Chess Engines -Monte Carlo

I was thinking about next gen chess engines, and I was reading some information on different GO engines. And that got me to thinking about integrated Monte Carlo.

One of the reason some of the Go programs have gotten better is that at least one of the better programs uses Monte Carlo.

Ok, for those that don’t know what Monte Carlo is (at least as far as programing games): The computer, when in Monte Carlo mode, in addition to its normal evaluations, also has at least one CPU core devoted to playing thousands of mini games.

Ok, Aquarium (aka Rybka), has the ability for monte carlo analysis. But Monte Carlo isn’t in the chess engine itself. (So its available regardless of which engine is loaded into Aquarium.) I think its availiable only in analysis mode within Aquarium.

But I wonder if the next generation chess engines will incorporate that as an actualy part of the engine.

I suspect if they did try to do that, the chess engines wouldn’t be compatible with current chess shells like Aquarium, Fritz, Chessmaster, Babeschess, etc.

Still, it might be the next logical step in chess engines. Hard to say. It may not amount to any noticable performance gain. Even if its measurable, I wouldn’t expect it to be a huge gain.

You have to be right. The backgammon program JellyFish relied heavily on Monte Carlo simulation in development (as opposed to use in actual play, which I believe is your point).

I’d assumed that Monte Carlo simulation would have limited applicability to chess and virtually none to Go, but this article proves otherwise. Programs developed using Monte Carlo simulations can play with the best humans at 9x9 Go, and have reached 4 dan at 19x19 Go.
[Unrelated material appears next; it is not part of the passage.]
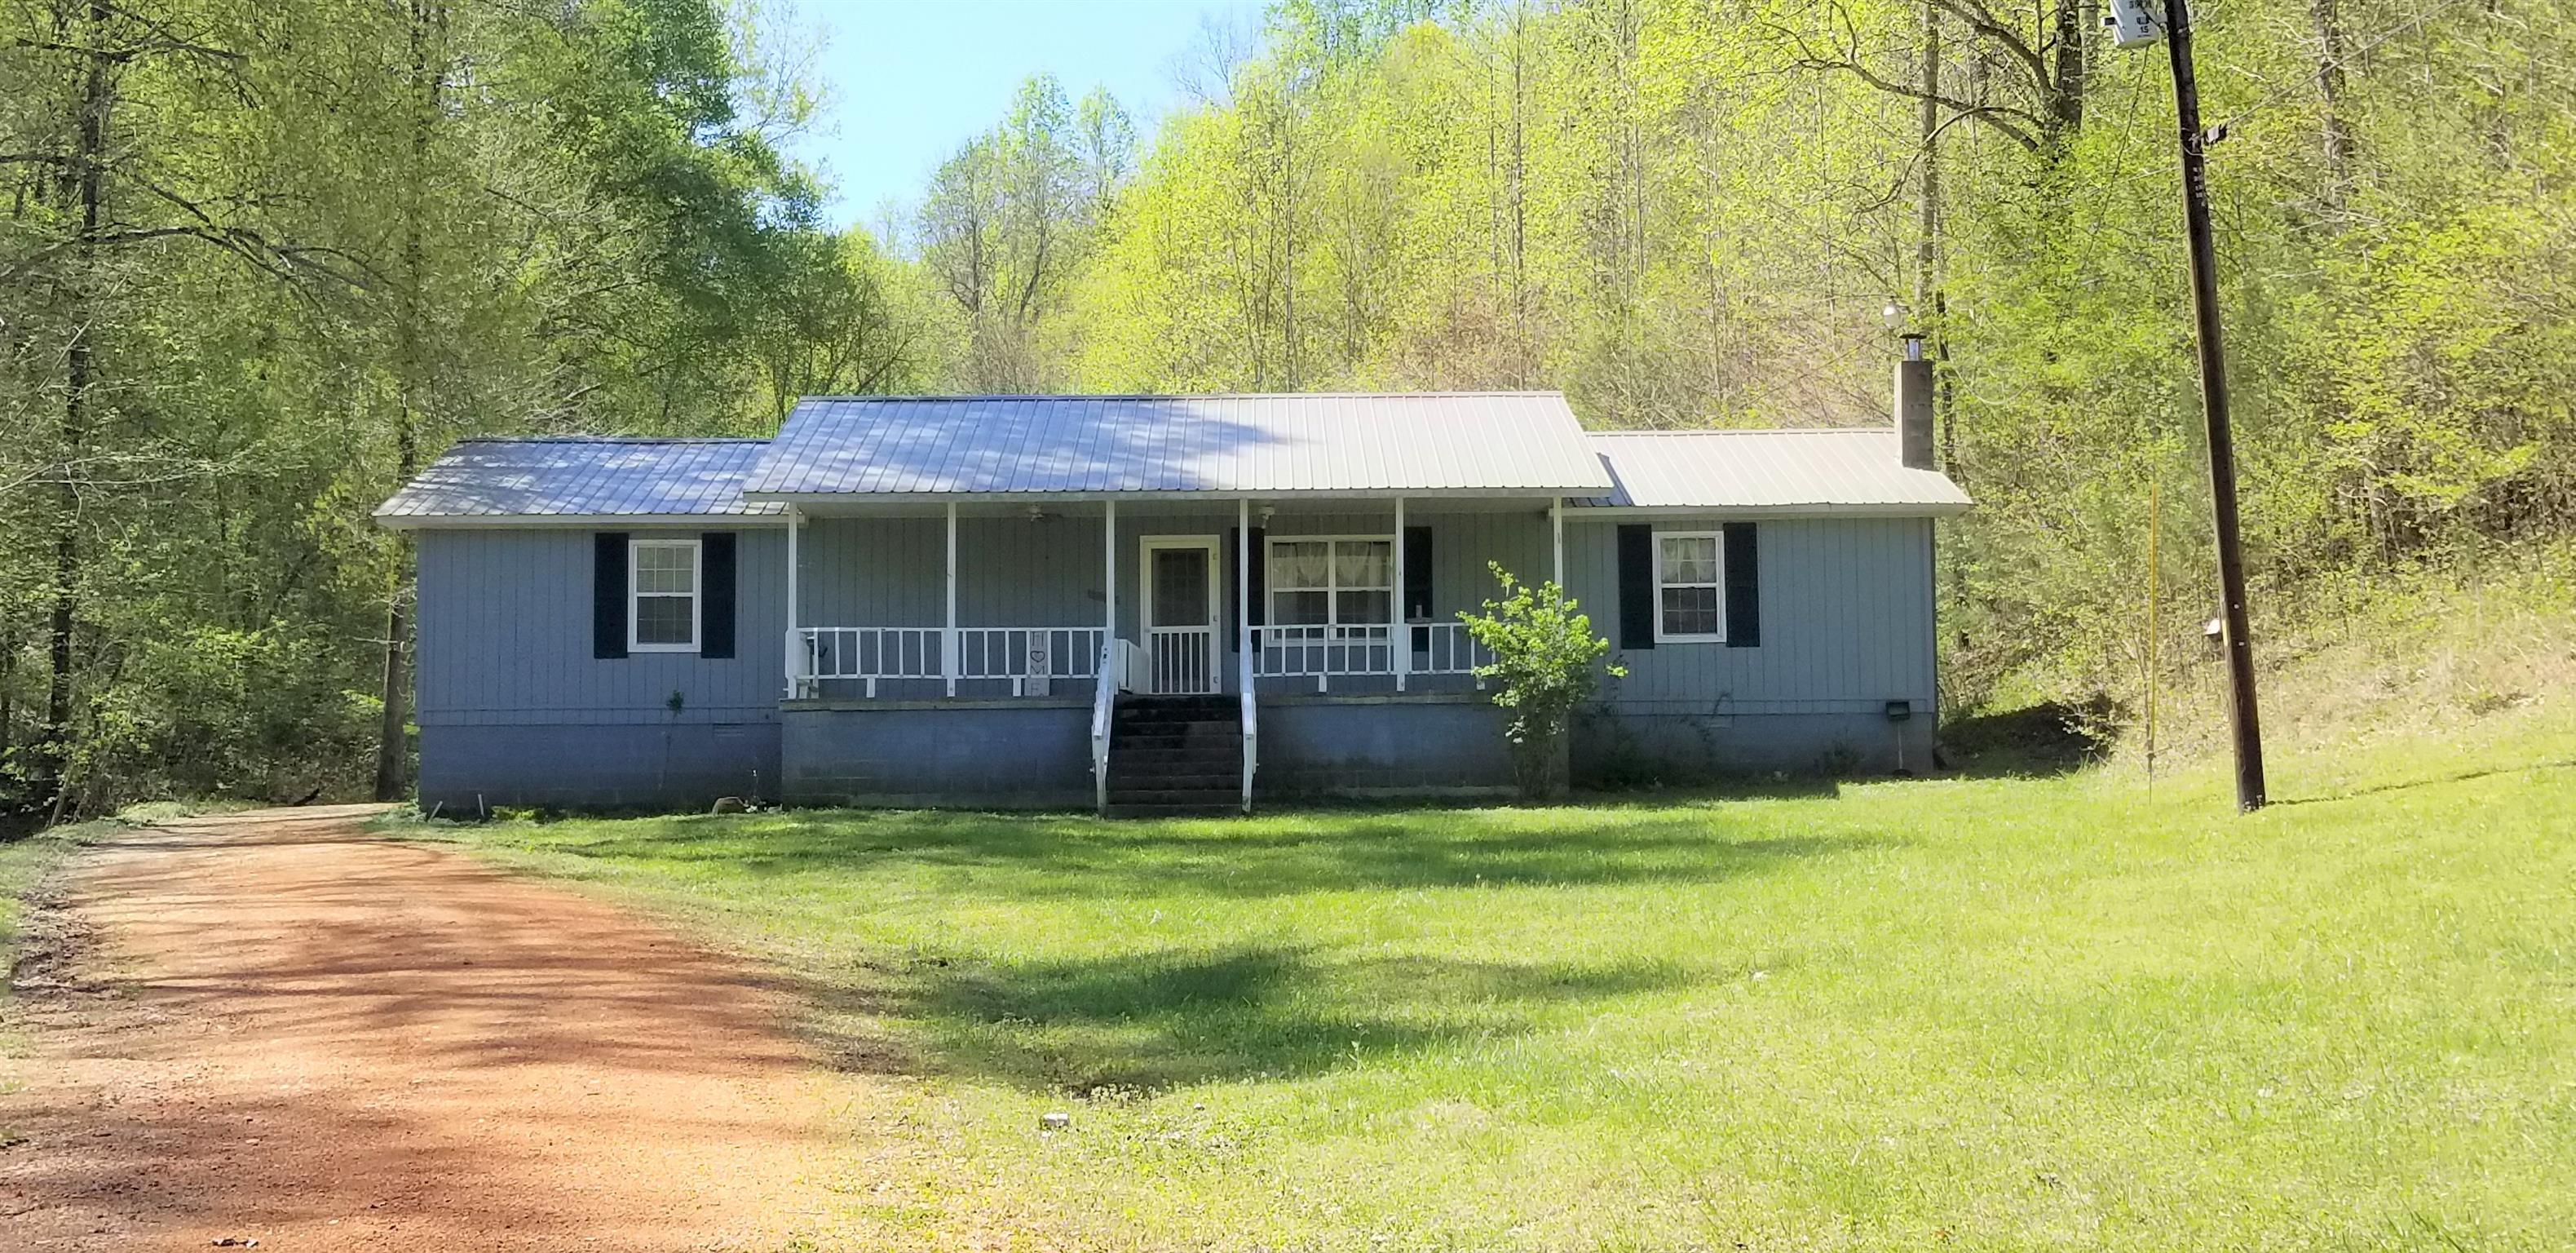 316 Anderson Rd, Linden, TN 37096 - Linden, TN real estate listing
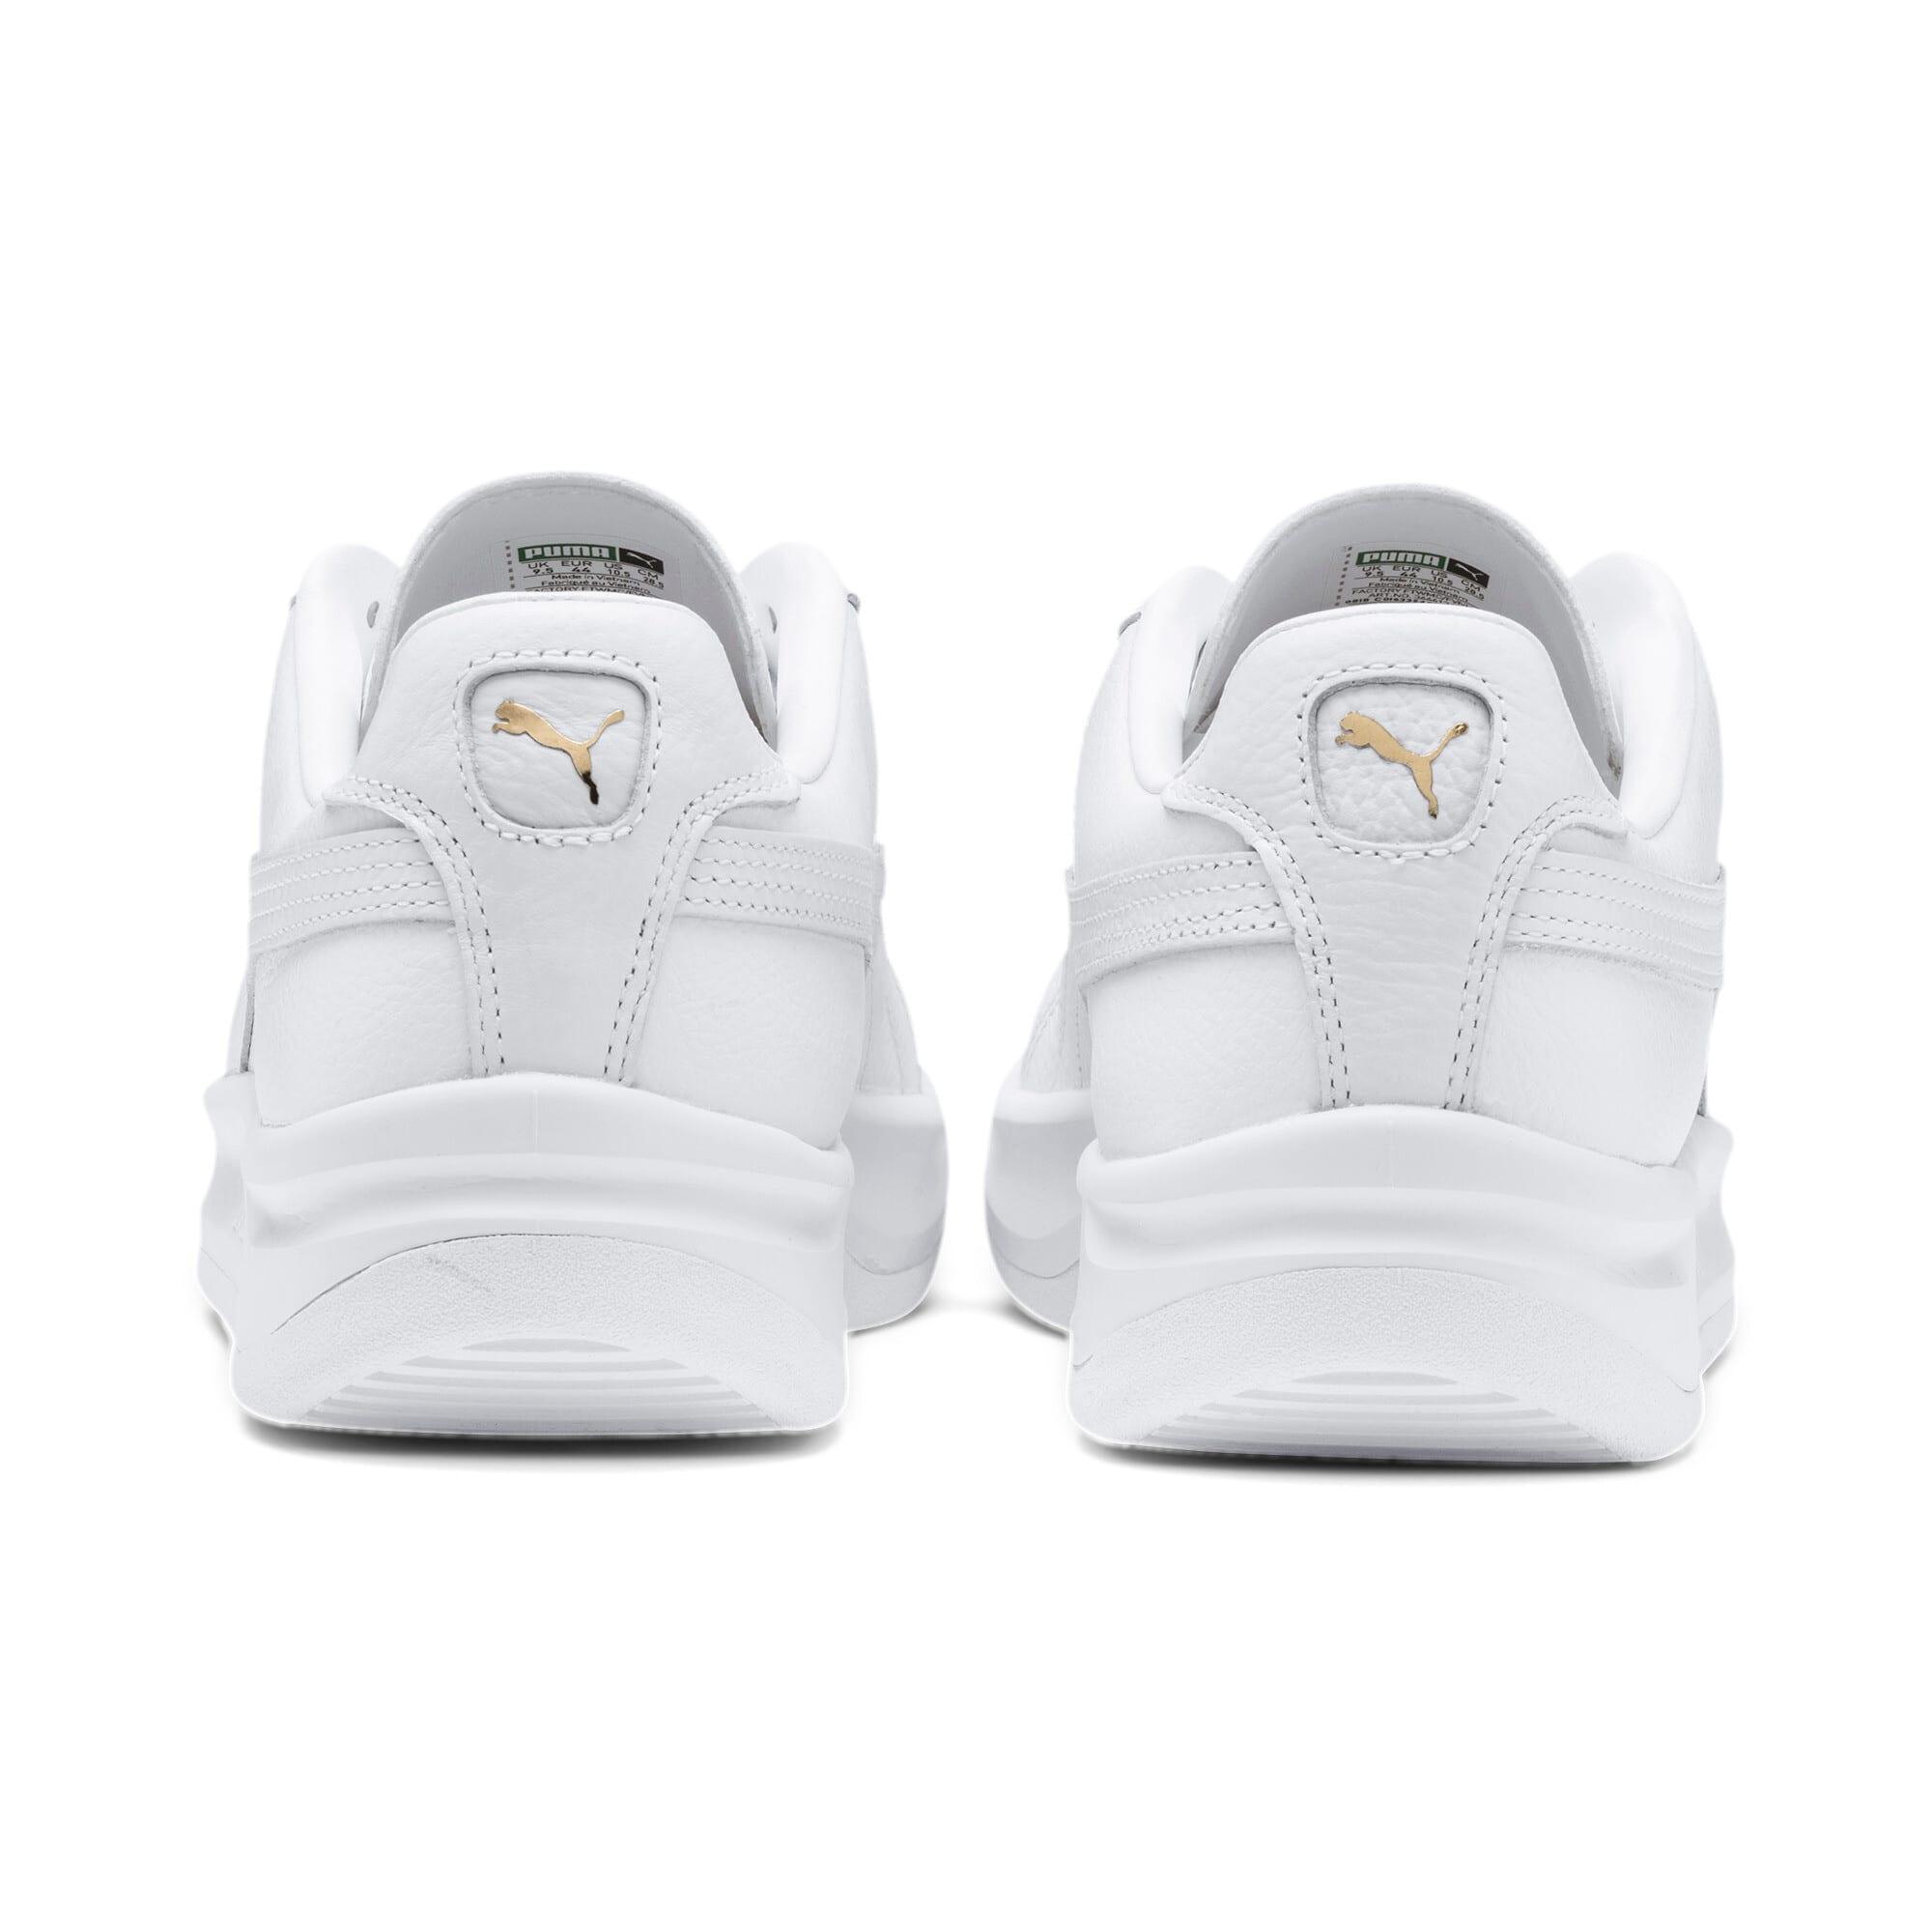 Thumbnail 3 of GV Special+ Sneakers, Puma White-Puma White, medium

A move that loses by force may score exceptionally well in Monte Carlo simulations (as those of us who have suffered at the hands of gambiteers know well). More to the point, two moves that have similar evaluations based on alpha-beta pruning are not necessarily equally challenging to the opponent.

Maybe the main (alpha-beta) routine reports out to the Monte Carlo subroutine: “I can’t make any meaningful distinction between the strength of these moves.” The subroutine plays a few thousand blitz games and reports back.

From what I understand, Monte Carlo games can play out some of the more unusual lines that the engine wouldn’t pick at the best continuation. So its more of a statistical oddety that occasionally, one of the mini games the engine is playing might actually prove to be better than any of its normal evaluations.

Good for muddy waters, where positions, even with best evaluations, would be difficult for an engine to pick out a best line (drawish?) in a time control scenerio. In that case, a random test game in monte carlo might actually spit out a winning line.

I would also think that given more time… say overnight analysis, the monte carlo portion of the engine would have less and less probability for improvment over the engine’s best line pick.